I knew quite well that it was possible for a person to take his own life. I also thought that some day I would probably do it, later, when everything turned out altogether bad. It would have been good to be sick, but not just with a cough. Really deathly ill, the way I had been the time I had scarlet fever.
Meanwhile it was long past gym class, and also long past the time I was expected home for coffee. Perhaps they were calling and looking for me now, in my room, in the garden and yard, in the basement. But if Father had already discovered the theft, there would be no more searching, for then he would know why I was gone.

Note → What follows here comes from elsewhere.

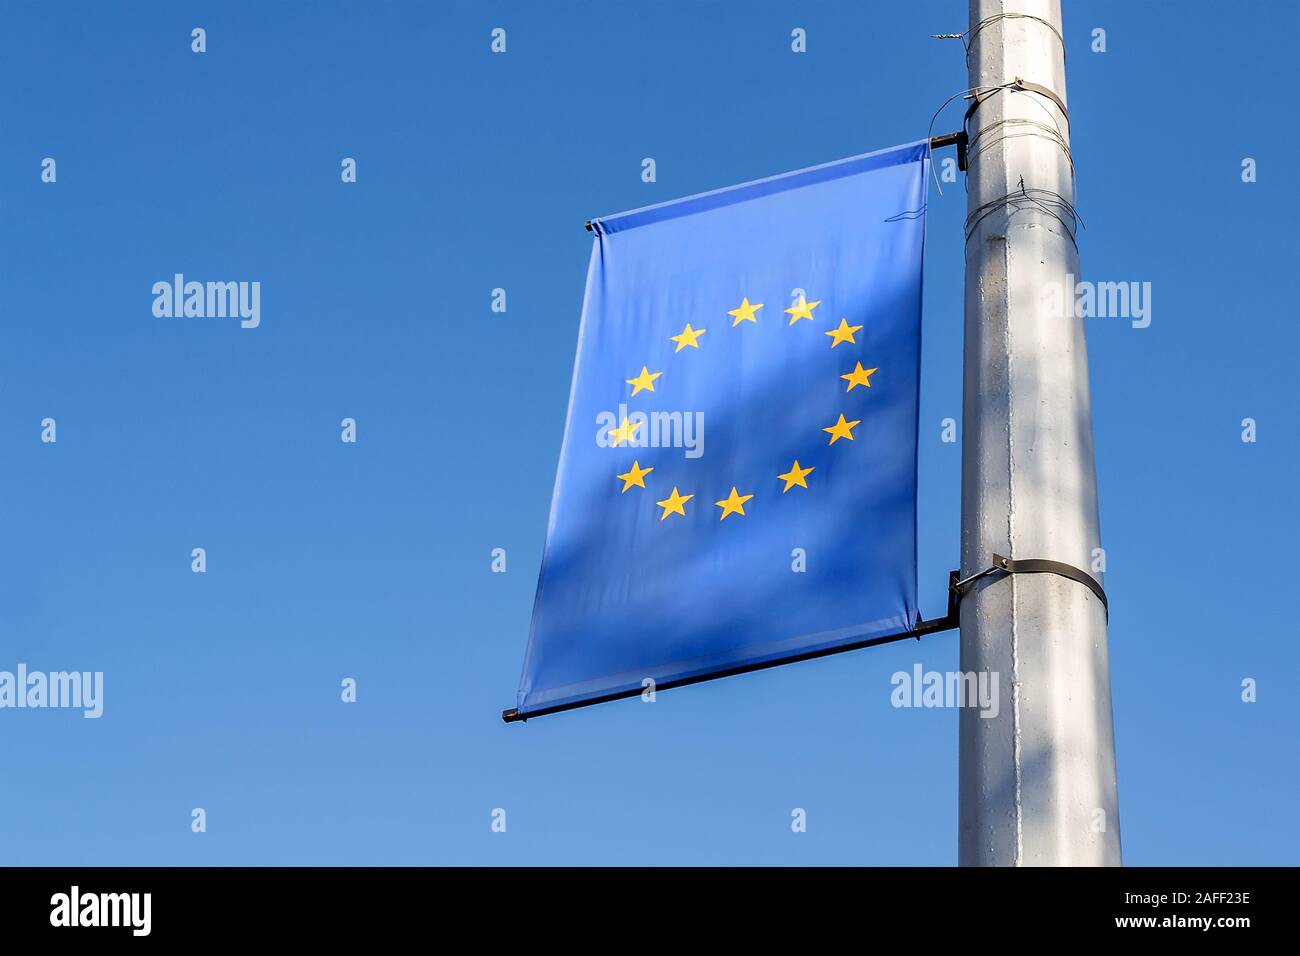 Hãy chiêm ngưỡng cờ Liên minh Châu Âu đầy tinh tế, mang trong mình thông điệp về sự đoàn kết và hòa bình giữa các quốc gia châu Âu.

I could not go on just lying here. Fate was not forgetting me; it was right at my heels. I began running again. I passed a bench along one of the paths. Another memory was attached to that, a memory that had once been lovely and now burned like fire. My father had given me a penknife. We had gone walking together, in good spirits and at peace, and he had sat down on this bench while I went into the bushes to cut myself a long hazel switch. And then, in my excitement, I broke the blade of the new knife close to the haft, and came back to him horrified. At first I wanted to conceal it, but he promptly asked me about the knife. I was terribly unhappy, because of the knife and because I expected a scolding. But then my father had only smiled, touched my shoulder lightly, and said: “What a pity, poor boy.” How I had loved him then; how I had inwardly begged his forgiveness for so many things. And now, thinking of my father’s expression at that time, of his voice and his sympathy—what a monster I was for having so often saddened and lied to a father like that, and today stolen from him!